Le directeur de la Cnam, Thomas Fatôme, l’a annoncé aux partenaires conventionnels. La troisième grande réunion multilatérale programmée le 25 janvier ne sera pas la date butoir de signature de la future convention médicale, mais probablement celle qui devrait dévoiler le montant de l’enveloppe dévolue aux principales revalorisations, même si les négociations peuvent toujours se prolonger.
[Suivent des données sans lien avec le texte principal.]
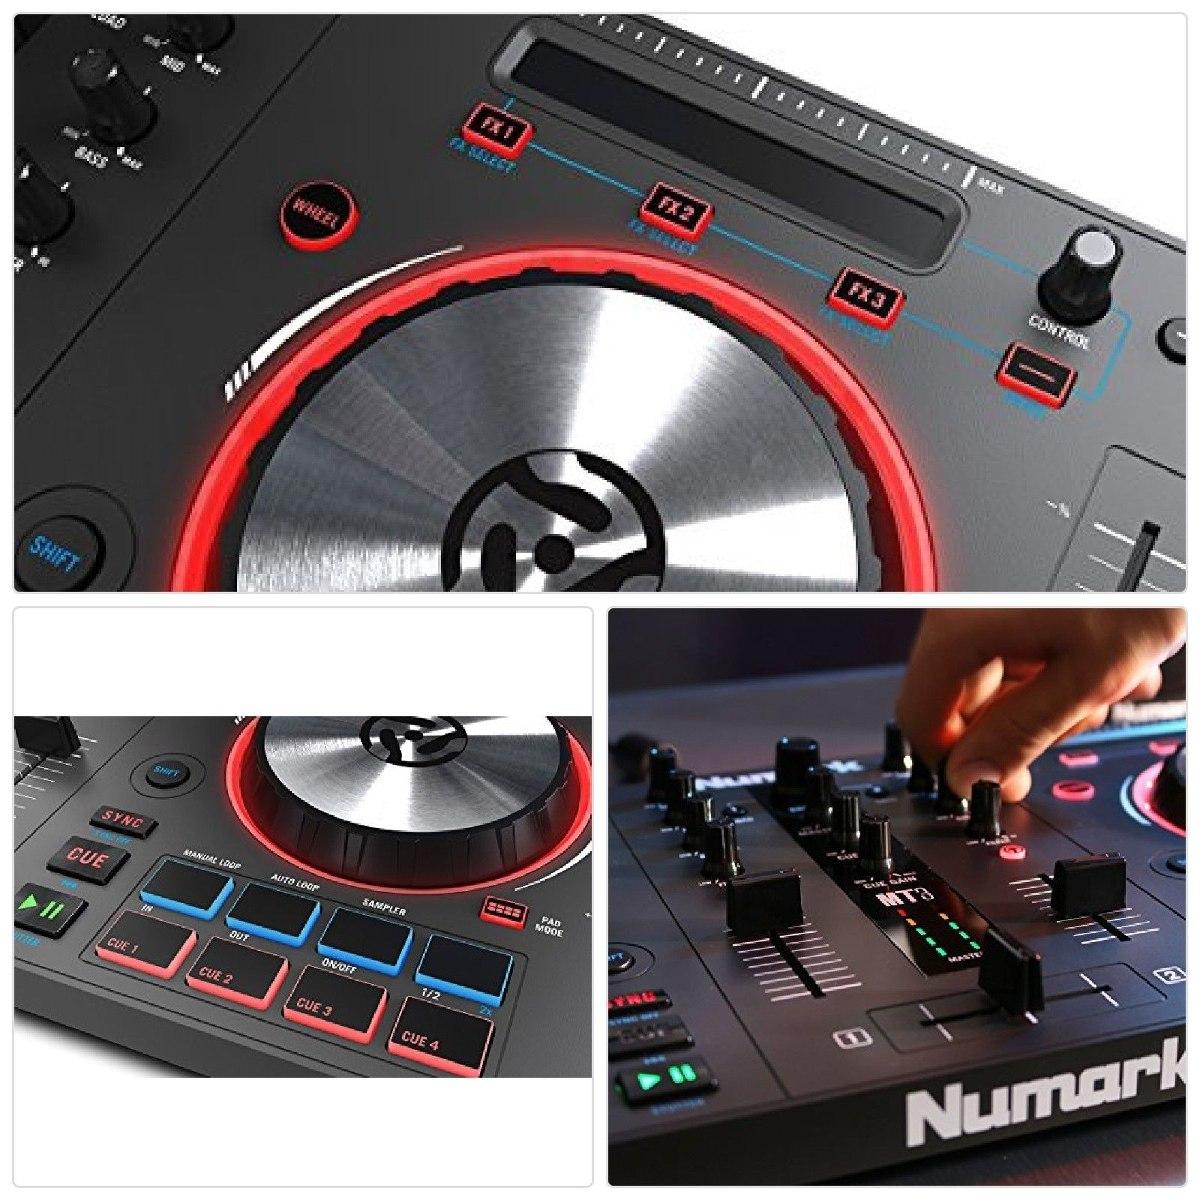 Numark Mixtrack 3 Dj Controller Jog Wheels Pro Dj Intro

C’est à ce moment « qu’on entrera vraiment dans le dur », analysent, unanimes, les leaders syndicaux. Certains redoutent déjà que le montant final proposé ne soit pas supérieur à celui mis sur la table début 2023, lors du round précédent, ayant viré au fiasco, lorsque les syndicats avaient claqué la porte des négos. Pour mémoire, l’investissement au titre de l’ensemble des mesures était alors évalué à 1,5 milliard d'euros. Une enveloppe déjà jugée insuffisante par la profession. « Et elle est maintenant amputée par le passage à 26,50 euros de la consultation, depuis novembre, que prévoyait le règlement arbitral », analyse le Dr Luc Duquesnel, chef de file des généralistes de la CSMF.
Dans ce contexte, une autre question commence à être source de crispations, celle de l’équilibre financier entre les médecins généralistes et les spécialistes. De fait, le passage inconditionnel de la consultation de référence à 30 euros amputerait une bonne partie des marges de manœuvre des autres spécialités cliniques et techniques. « On voit bien que c’est une convention qui veut mettre en avant les médecins traitants, confie le Dr Bruno Perrouty, président des spécialistes de la CSMF. Mais il faut que la convention soit équilibrée, même si nous savons que ce ne sera pas exactement un équilibre à 50/50 ». Mais hors de question de ne ramasser que des miettes.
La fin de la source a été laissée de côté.